问题描述
我涉及生物学,特别DNA和常存在与来自测序基因组中的数据的大小的问题。
I am involved with biology, specifically DNA and often there is a problem with the size of the data that comes from sequencing a genome.
对于那些不具有生物学背景的谁,我会给DNA测序的快速概览。 DNA是由四个字母A,T,G,和C,它们的具体顺序的确定在细胞会发生什么。
For those of you who don't have a background in biology, I'll give a quick overview of DNA sequencing. DNA consists of four letters: A, T, G, and C, the specific order of which determines what happens in the cell.
与DNA测序技术的一个主要问题然而是,产生的数据的大小,(为一个全基因组,往往比千兆字节得多)。
A major problem with DNA sequencing technology however is the size of the data that results, (for a whole genome, often much more than gigabytes).
我知道,在C int的大小从计算机到计算机各不相同,但它仍然有超过四种选择方式更多信息存储可能性。有没有一种方法来定义一个类/方法来定义一个'基地'只占用2个或3个位?我已经搜查了定义结构,但恐怕这不是我要找的。谢谢。
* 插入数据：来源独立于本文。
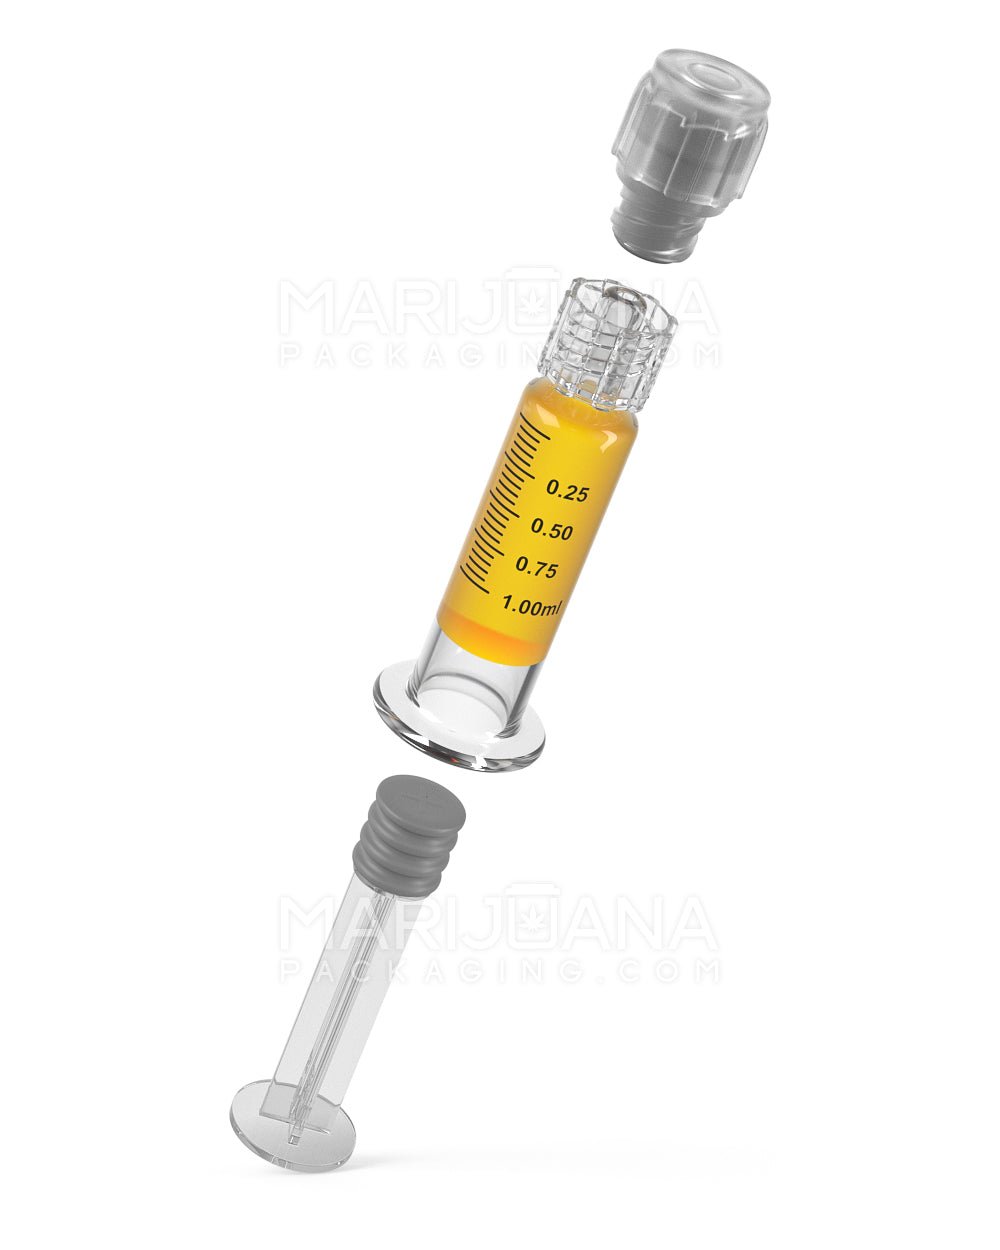 Child Resistant & Luer Lock | Glass Dab Applicator Syringes | 1mL - 0.25mL Increments - 100 Count - 7

I know that the size of an int in C varies from computer to computer, but it still has way more information storage possibility than four choices. Is there a way to define a type/way to define a 'base' that only takes up 2 or 3 bits? I've searched for defining a structure, but am afraid this isn't what I'm looking for. Thanks.
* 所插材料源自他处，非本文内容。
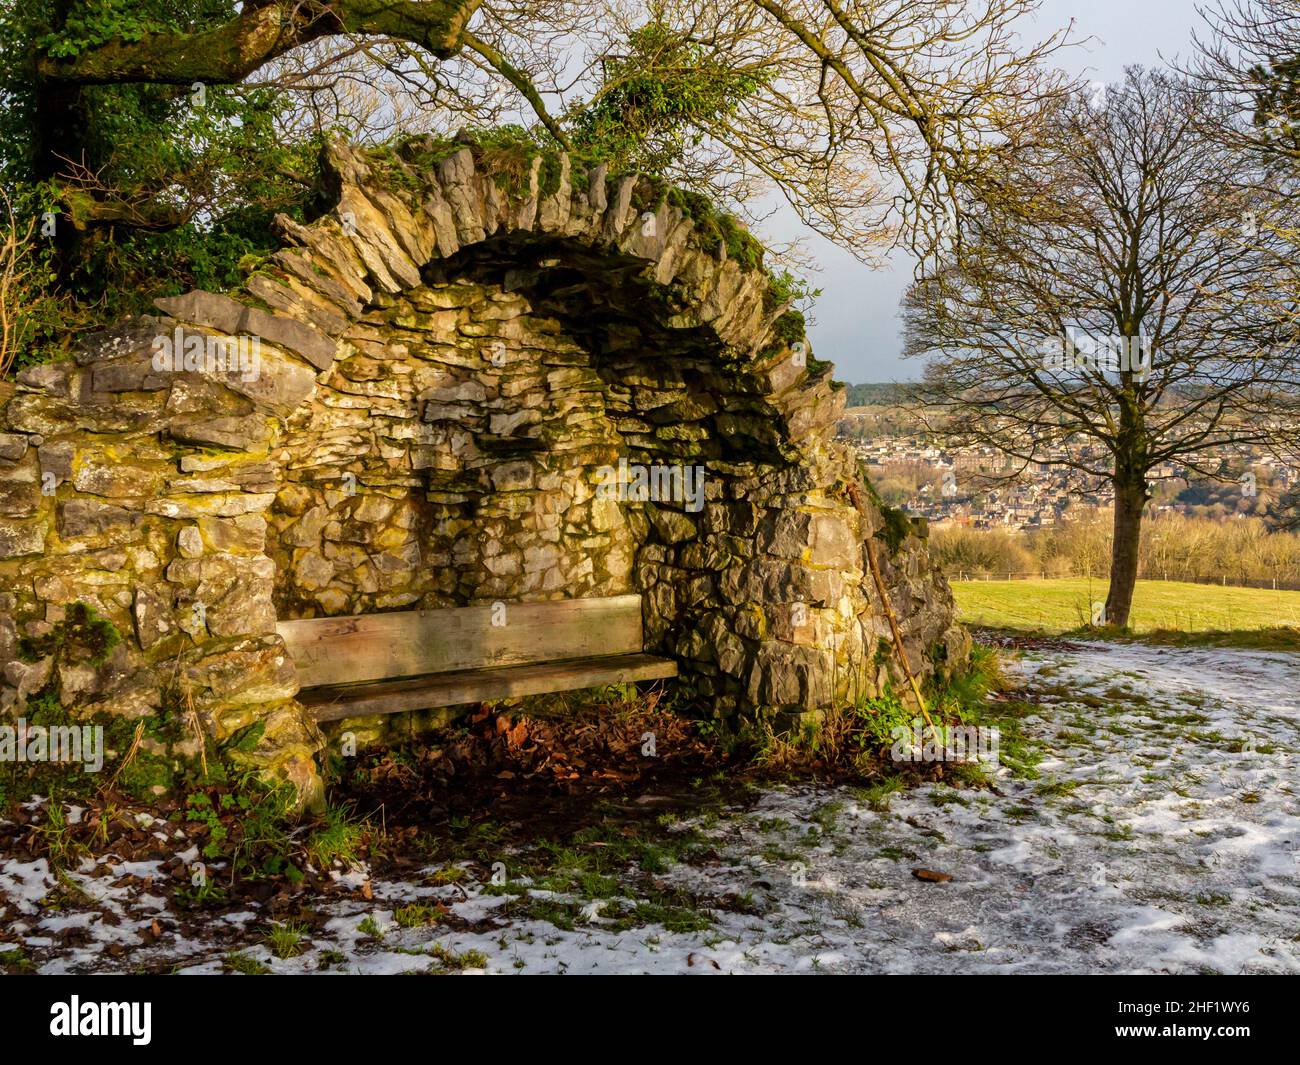 Snow covered landscape with trees at High Tor in Matlock Bath in the Derbyshire Peak District England UK with stone shelter and seat in foreground. Stock Photo

此外,将这项工作更好地在其他语言(可能更高水平如Java)?
Also, would this work better in other languages (maybe higher level like java)?
推荐答案
你不能只是把这些东西2 ATGC套入,然后一个字节?这样的:
Can't you just stuff two ATGC sets into one byte then? Like:
0 1 0 1 1 0 0 1
A T G C A T G C
所以这一个字节将重新present TC,AC?
So this one byte would represent TC,AC?
这篇关于声明为DNA中的新的数据类型的文章就介绍到这了,希望我们推荐的答案对大家有所帮助,也希望大家多多支持!